Records for this task
● ● ●
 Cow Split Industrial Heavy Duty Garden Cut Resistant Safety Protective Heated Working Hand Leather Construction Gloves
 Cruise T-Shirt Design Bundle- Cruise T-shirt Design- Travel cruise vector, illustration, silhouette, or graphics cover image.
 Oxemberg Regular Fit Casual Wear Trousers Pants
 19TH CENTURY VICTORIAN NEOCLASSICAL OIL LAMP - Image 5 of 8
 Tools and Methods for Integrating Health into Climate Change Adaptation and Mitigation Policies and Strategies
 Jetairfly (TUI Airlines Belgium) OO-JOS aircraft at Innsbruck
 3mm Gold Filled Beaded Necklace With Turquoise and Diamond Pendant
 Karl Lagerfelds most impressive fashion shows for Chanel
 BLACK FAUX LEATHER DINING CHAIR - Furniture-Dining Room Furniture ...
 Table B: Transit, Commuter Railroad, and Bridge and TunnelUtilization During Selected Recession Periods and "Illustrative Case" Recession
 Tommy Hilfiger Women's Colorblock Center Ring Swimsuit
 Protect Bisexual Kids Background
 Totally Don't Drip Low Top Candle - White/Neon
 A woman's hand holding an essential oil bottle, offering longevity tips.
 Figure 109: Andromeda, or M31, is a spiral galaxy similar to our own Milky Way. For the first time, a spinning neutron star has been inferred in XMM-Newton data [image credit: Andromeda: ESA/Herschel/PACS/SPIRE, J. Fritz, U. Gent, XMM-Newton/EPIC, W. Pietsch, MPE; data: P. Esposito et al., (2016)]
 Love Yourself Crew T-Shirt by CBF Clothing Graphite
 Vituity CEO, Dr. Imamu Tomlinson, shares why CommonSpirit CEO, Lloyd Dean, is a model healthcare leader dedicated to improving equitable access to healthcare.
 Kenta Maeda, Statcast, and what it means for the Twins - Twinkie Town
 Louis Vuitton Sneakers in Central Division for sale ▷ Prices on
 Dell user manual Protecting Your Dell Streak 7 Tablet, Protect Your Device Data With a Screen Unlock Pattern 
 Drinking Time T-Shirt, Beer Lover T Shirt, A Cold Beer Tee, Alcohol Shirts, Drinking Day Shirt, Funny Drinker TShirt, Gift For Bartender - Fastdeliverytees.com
● ● ●
What is being asked
After reading the data above, return it verbatim in full.

Expected answer
 Cow Split Industrial Heavy Duty Garden Cut Resistant Safety Protective Heated Working Hand Leather Construction Gloves
 Cruise T-Shirt Design Bundle- Cruise T-shirt Design- Travel cruise vector, illustration, silhouette, or graphics cover image.
 Oxemberg Regular Fit Casual Wear Trousers Pants
 19TH CENTURY VICTORIAN NEOCLASSICAL OIL LAMP - Image 5 of 8
 Tools and Methods for Integrating Health into Climate Change Adaptation and Mitigation Policies and Strategies
 Jetairfly (TUI Airlines Belgium) OO-JOS aircraft at Innsbruck
 3mm Gold Filled Beaded Necklace With Turquoise and Diamond Pendant
 Karl Lagerfelds most impressive fashion shows for Chanel
 BLACK FAUX LEATHER DINING CHAIR - Furniture-Dining Room Furniture ...
 Table B: Transit, Commuter Railroad, and Bridge and TunnelUtilization During Selected Recession Periods and "Illustrative Case" Recession
 Tommy Hilfiger Women's Colorblock Center Ring Swimsuit
 Protect Bisexual Kids Background
 Totally Don't Drip Low Top Candle - White/Neon
 A woman's hand holding an essential oil bottle, offering longevity tips.
 Figure 109: Andromeda, or M31, is a spiral galaxy similar to our own Milky Way. For the first time, a spinning neutron star has been inferred in XMM-Newton data [image credit: Andromeda: ESA/Herschel/PACS/SPIRE, J. Fritz, U. Gent, XMM-Newton/EPIC, W. Pietsch, MPE; data: P. Esposito et al., (2016)]
 Love Yourself Crew T-Shirt by CBF Clothing Graphite
 Vituity CEO, Dr. Imamu Tomlinson, shares why CommonSpirit CEO, Lloyd Dean, is a model healthcare leader dedicated to improving equitable access to healthcare.
 Kenta Maeda, Statcast, and what it means for the Twins - Twinkie Town
 Louis Vuitton Sneakers in Central Division for sale ▷ Prices on
 Dell user manual Protecting Your Dell Streak 7 Tablet, Protect Your Device Data With a Screen Unlock Pattern 
 Drinking Time T-Shirt, Beer Lover T Shirt, A Cold Beer Tee, Alcohol Shirts, Drinking Day Shirt, Funny Drinker TShirt, Gift For Bartender - Fastdeliverytees.com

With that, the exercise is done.